Both Presidents Bush and Obama have reportedly authorized offensive cyberattacks against Iran that had "kinetic-like" effects. In The Inheritance, David Sanger first offered clues about activities covered in a spring 2008 presidential finding that authorized covert action including "efforts to interfere with the power supply to nuclear facilities -- something that can sometimes be accomplished by tampering with computer code, and getting power sources to blow up." This past June, Sanger further revealed that Obama significantly accelerated offensive cyberattacks -- codenamed Olympic Games -- against computers that run Iran's nuclear enrichment facilities.

(In a startling anecdote about the lack of congressional oversight over such covert cyber operations, Representative Dan Lungren wondered aloud at a House Judiciary Committee hearing in July: "Would it bother you to know that the detail that was described in the New York Times, if true, is a level of detail not presented to members of Congress, such as the chairman of the Cybersecurity Subcommittee on Homeland Security, that is, happens to be me.")

Supporting the increased use of drones, special operations, cyberattacks, and other covert military programs has been the tremendous growth in the size and cost of the U.S. Intelligence Community (IC). In 1998, the intelligence budget was $26.7 billion (based on an accidental leak from that year). In 2012, the IC will spend $75.4 billion for all of its national and military intelligence programs, the scope of which is astonishing. As Dana Priest and William Arkin reported in 2010: "1,271 government organizations and 1,931 private companies work on programs related to counterterrorism, homeland security and intelligence in about 10,000 locations across the United States." This sprawling U.S. intelligence apparatus is estimated to require 210,000 governmental employees and 30,000 private contractors.

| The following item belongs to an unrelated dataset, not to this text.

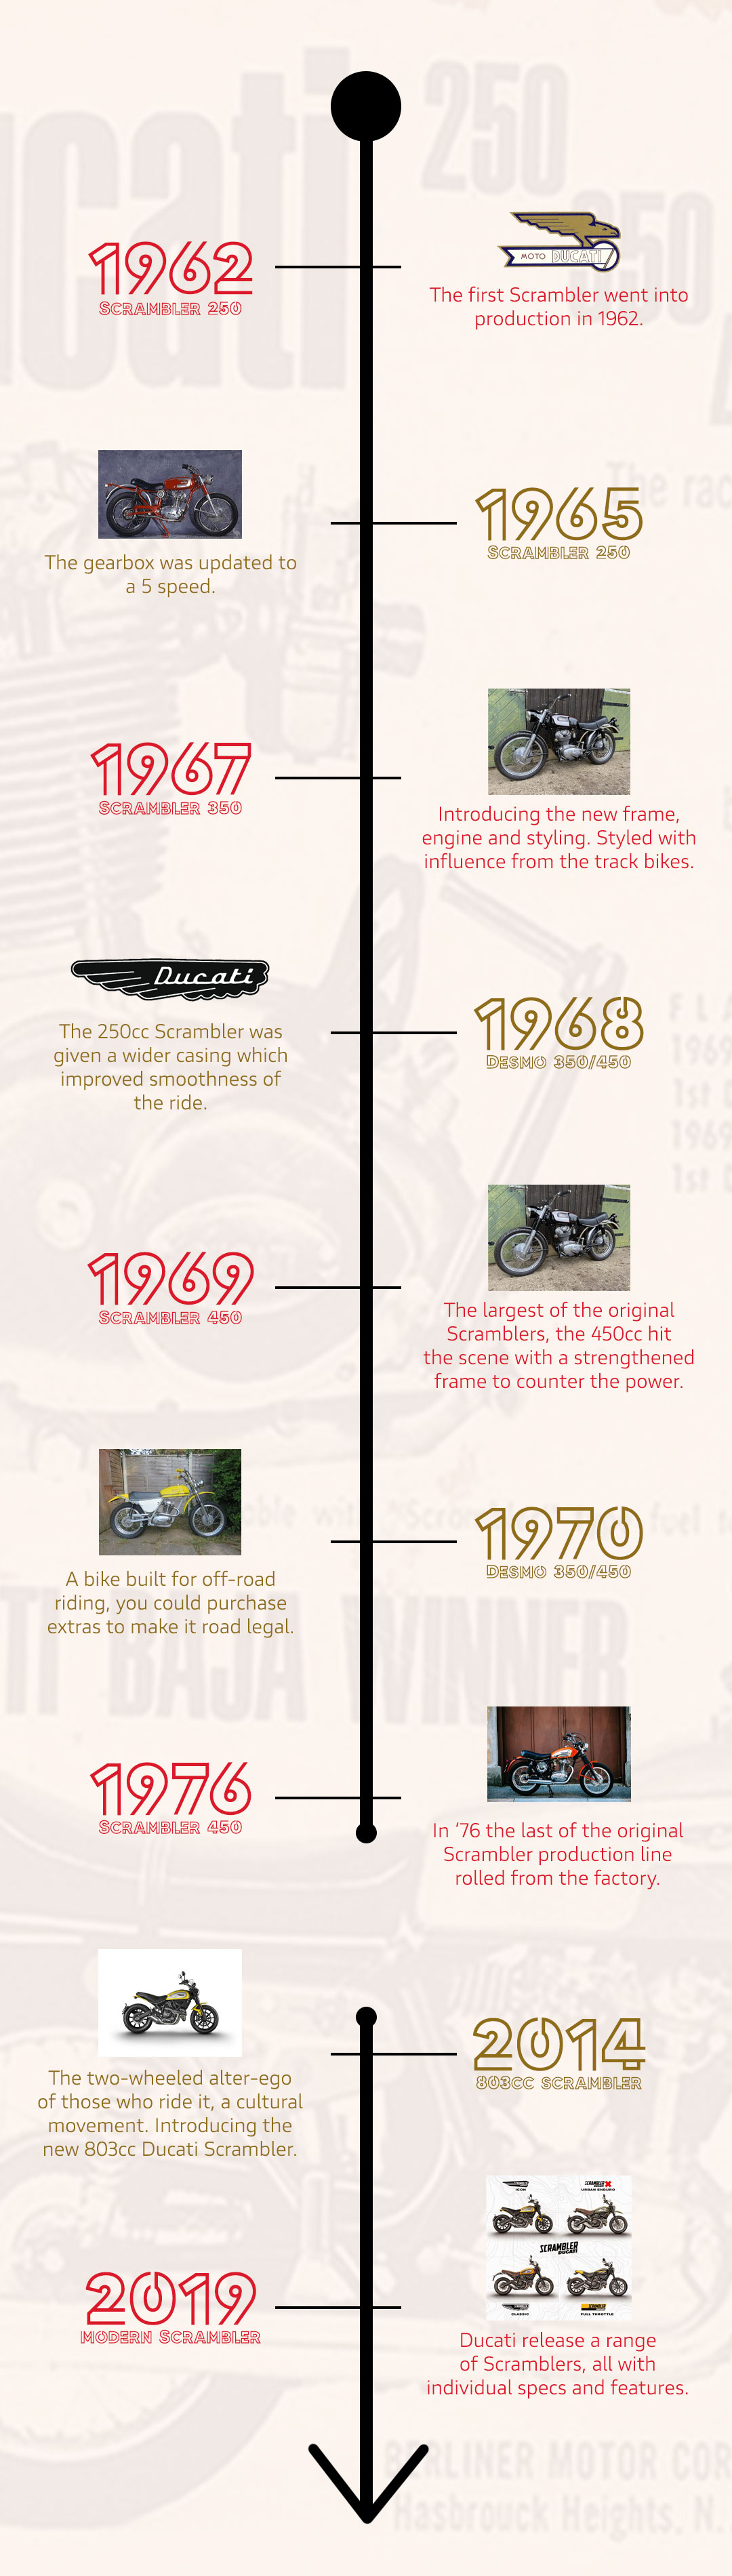 Ducati Scrambler Timeline from 1962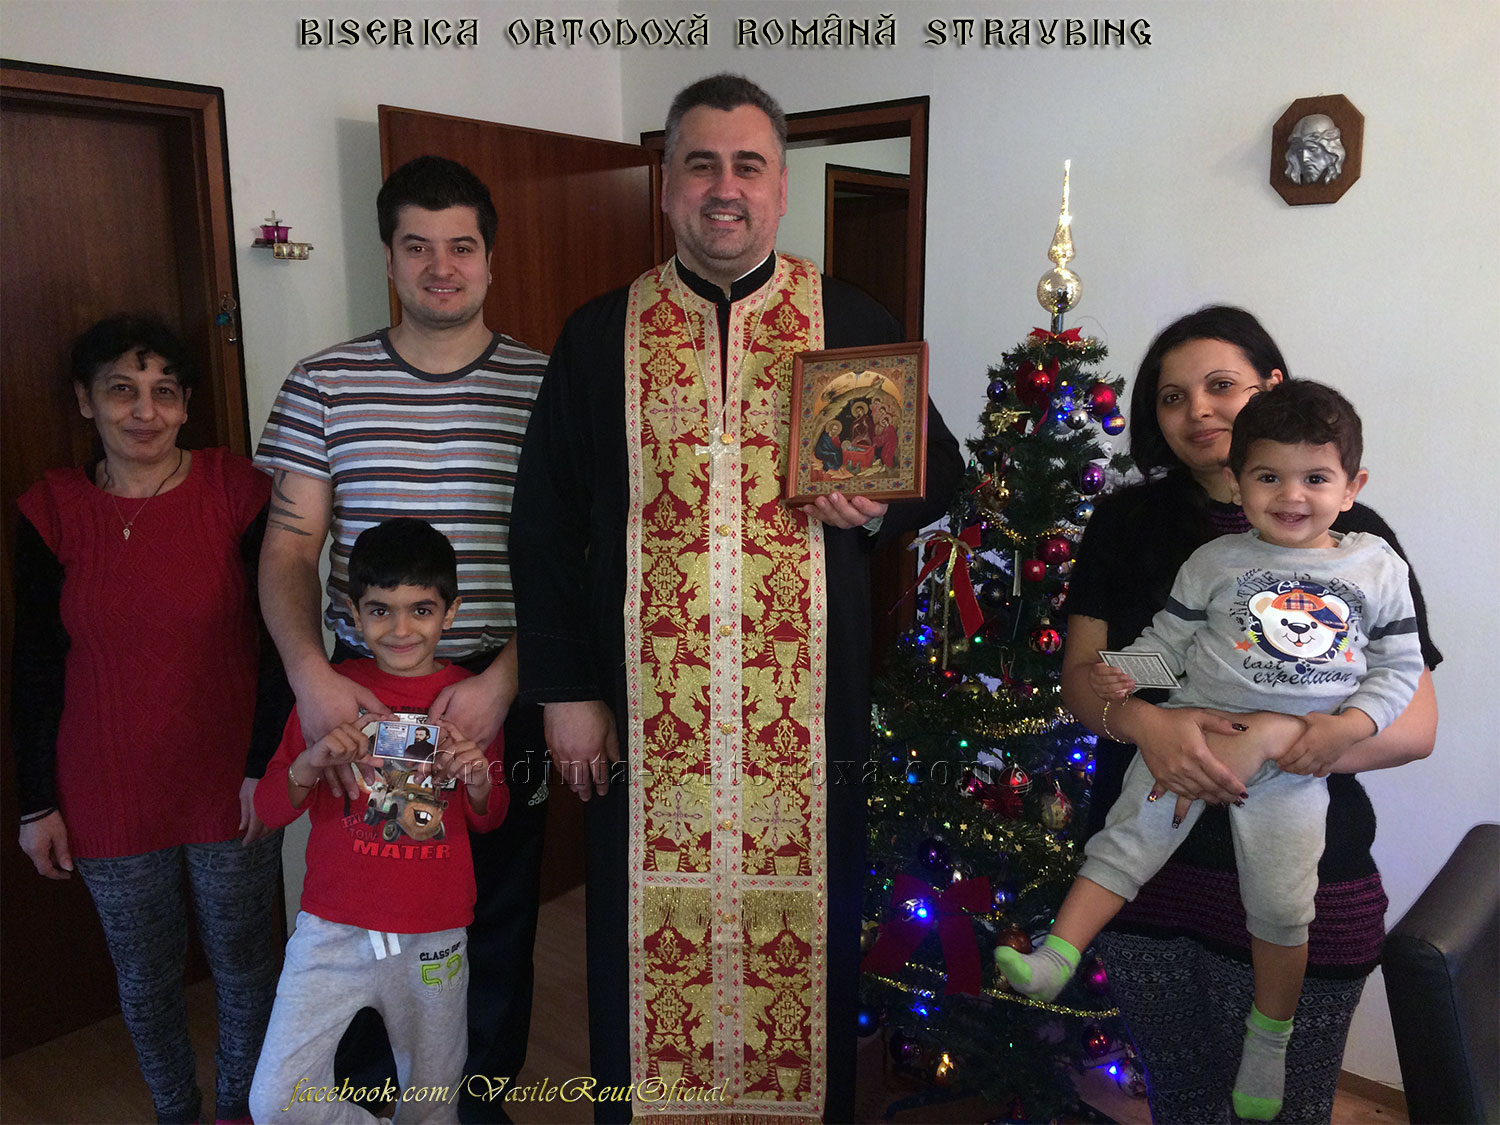 Bucuria de a păstra Credinţa şi Tradiţia Strămoşească: În vizită pastorală cu Icoana Naşterii Domnului la o familie de credincioşi din Straubing

Congressional oversight of presidential war-making powers has further dwindled. There are a few libertarian leaning congressional members who raise the War Powers Resolution during hearings with administration officials, although only when the serving president is of the other political party. Sen. Byrd attempted to rally fellow legislators by waving his pocket Constitution and reminding them, "Congress is not a rubberstamp or a presidential lapdog -- obedient and unquestioning. Oversight, oversight, oversight is among our most important responsibilities." Sen. James Webb, who is stepping down in January, cosponsored a bill in May that would require the White House to formally request congressional approval before using the military in humanitarian operations (it would require a vote within 48 hours). Webb noted: "Year by year, skirmish by skirmish, the role of the Congress in determining where the U.S. military would operate, and when the awesome power of our weapon systems would be unleashed, has diminished." Predictably, the bill went nowhere.